Source data

===============

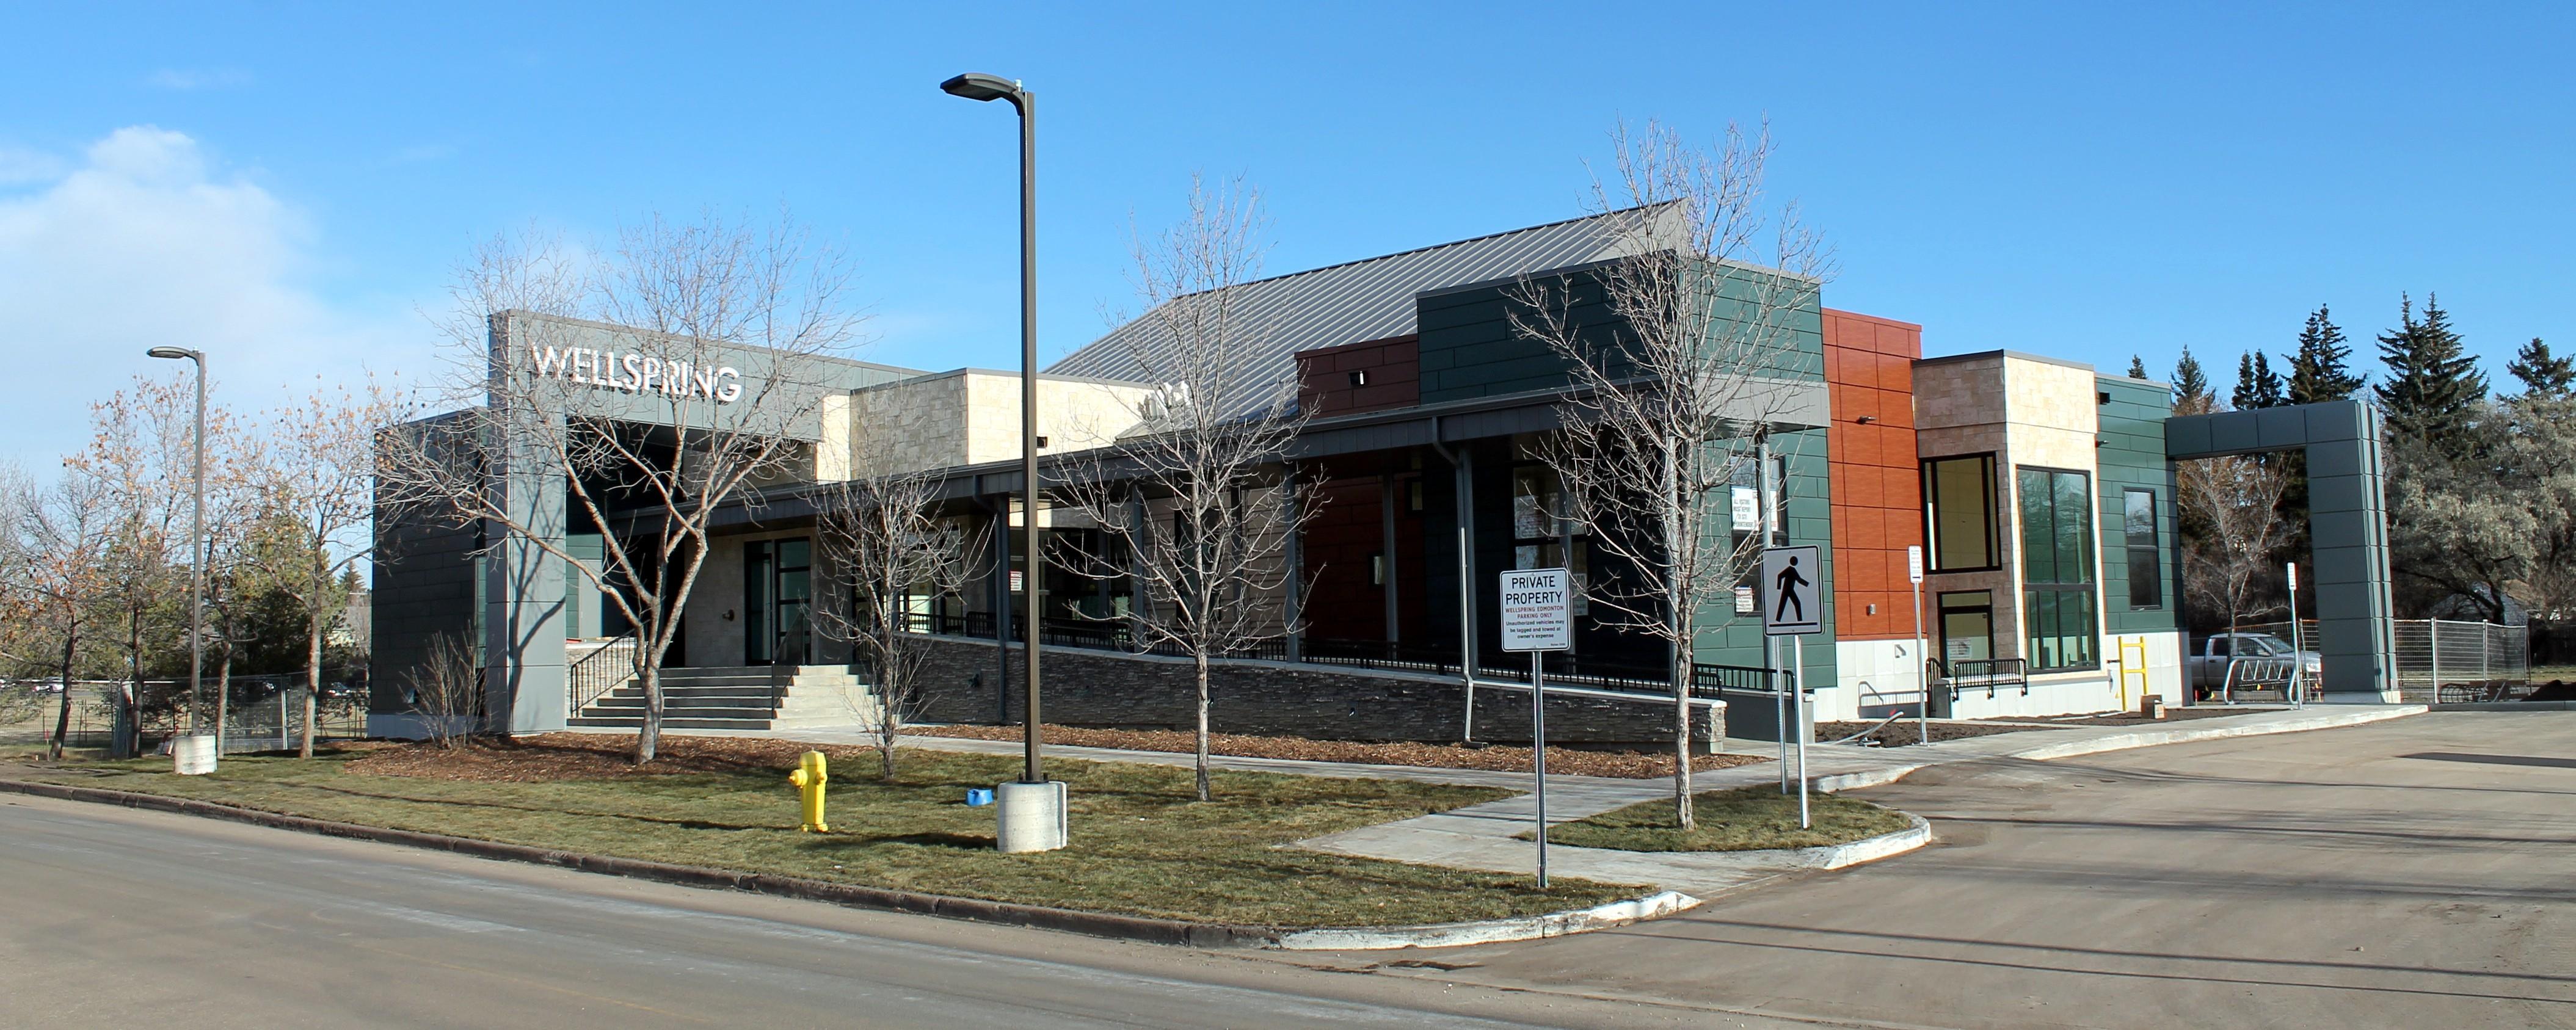 Home Health Care Edmonton Alberta  Ave
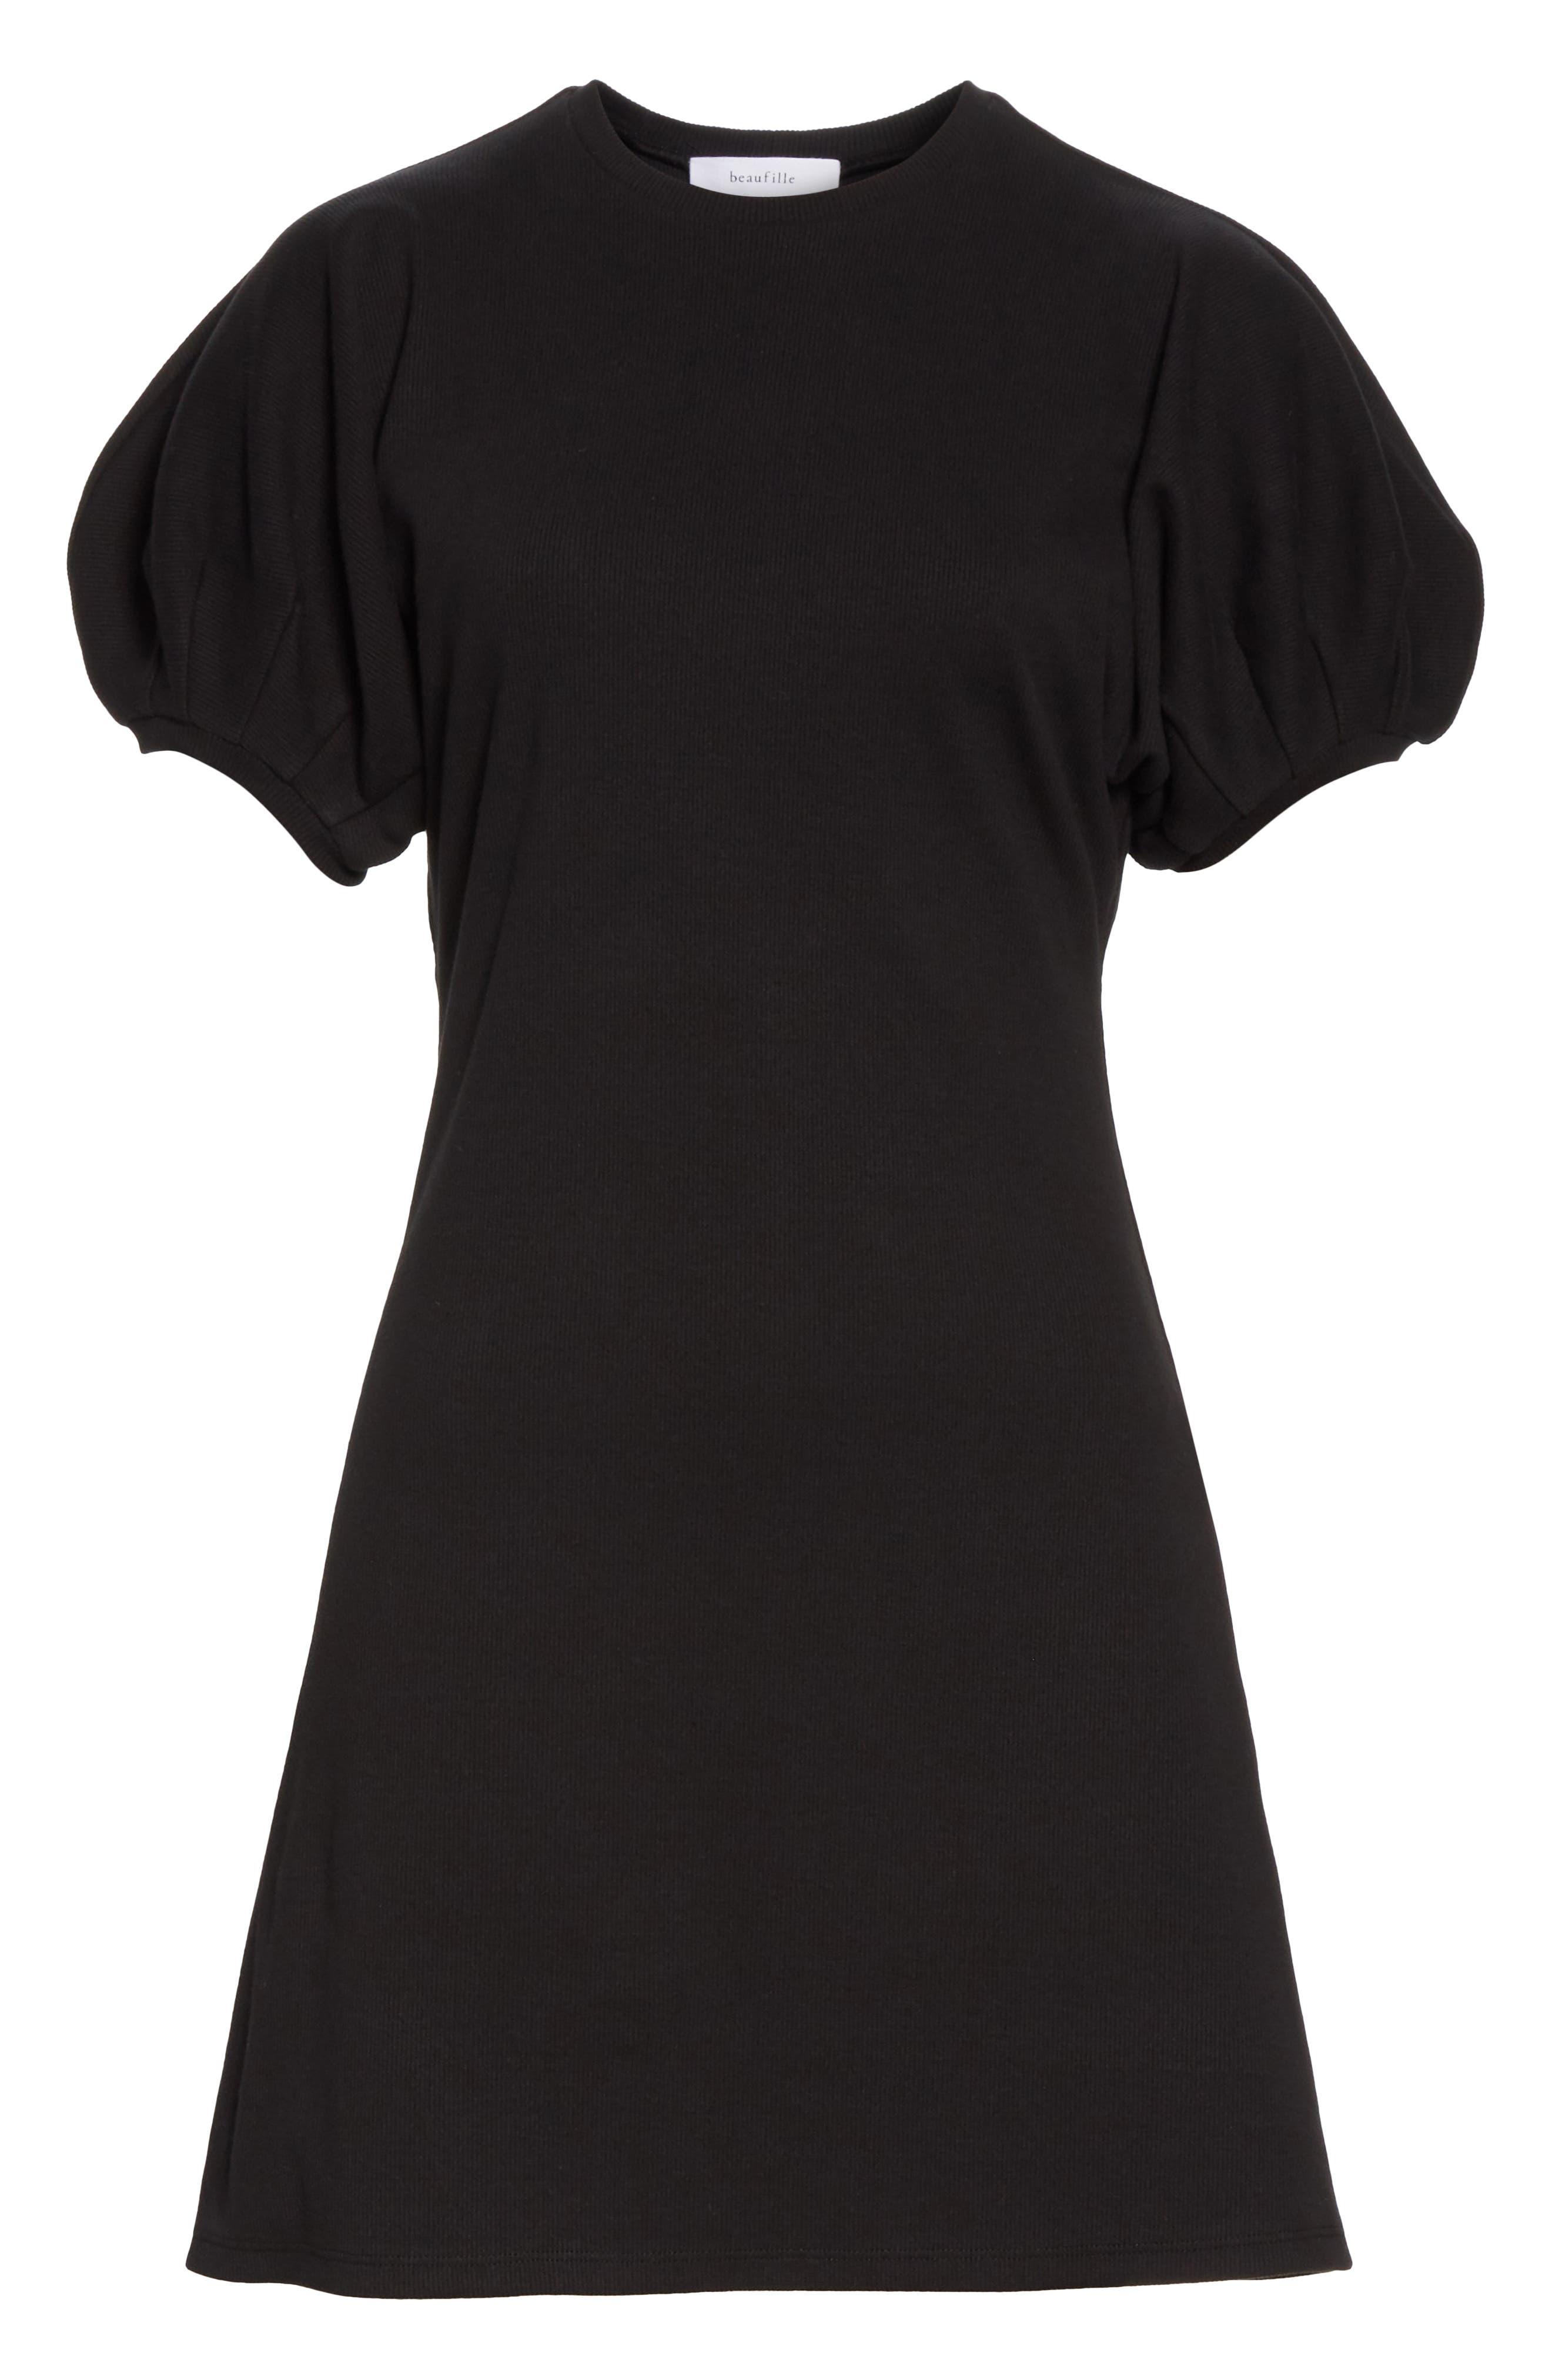 BEAUFILLE, Leda Puff Sleeve Dress, Alternate thumbnail 6, color, BLACK
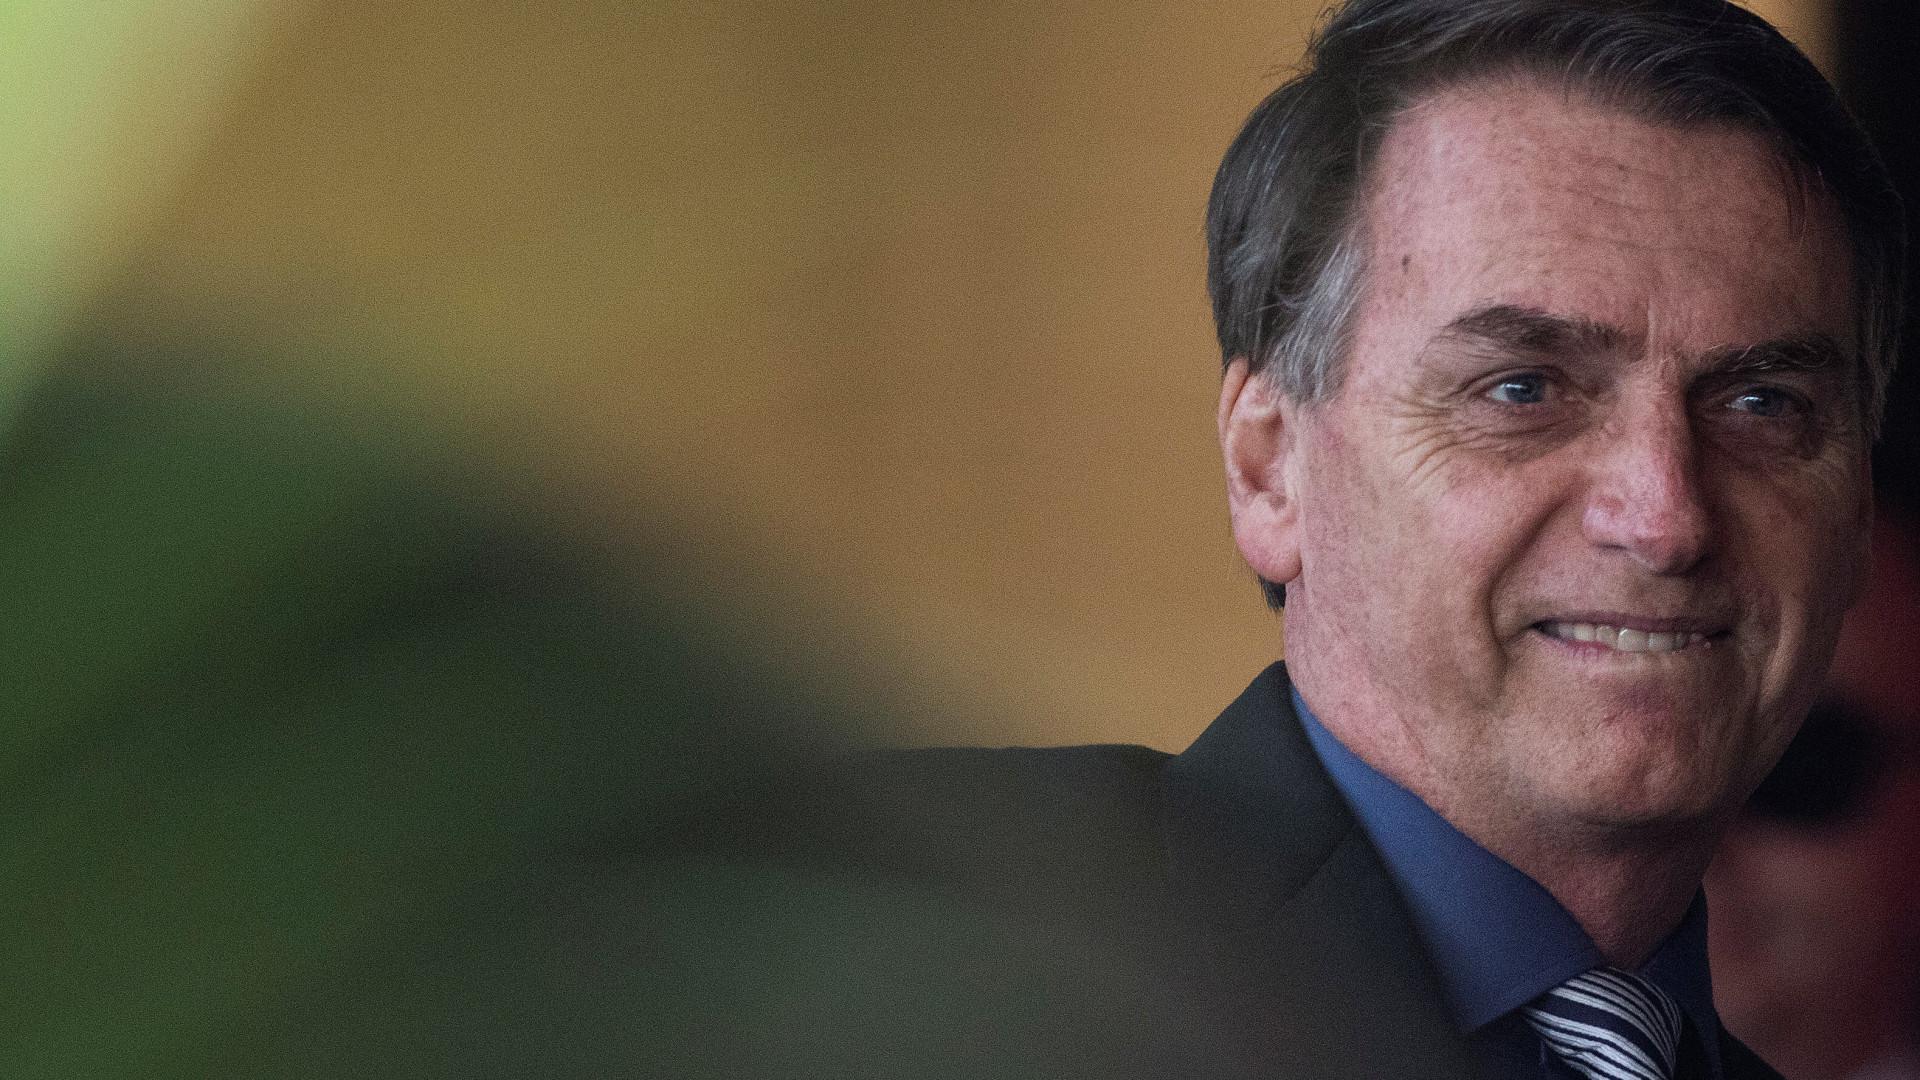 Twitter e Facebook negam que Bolsonaro tenha contratado conteúdos

===============

What you need to do
A word-for-word copy of the data, without its pictures, is what is needed.

Written solution
 Home Health Care Edmonton Alberta  Ave
 BEAUFILLE, Leda Puff Sleeve Dress, Alternate thumbnail 6, color, BLACK
 Twitter e Facebook negam que Bolsonaro tenha contratado conteúdos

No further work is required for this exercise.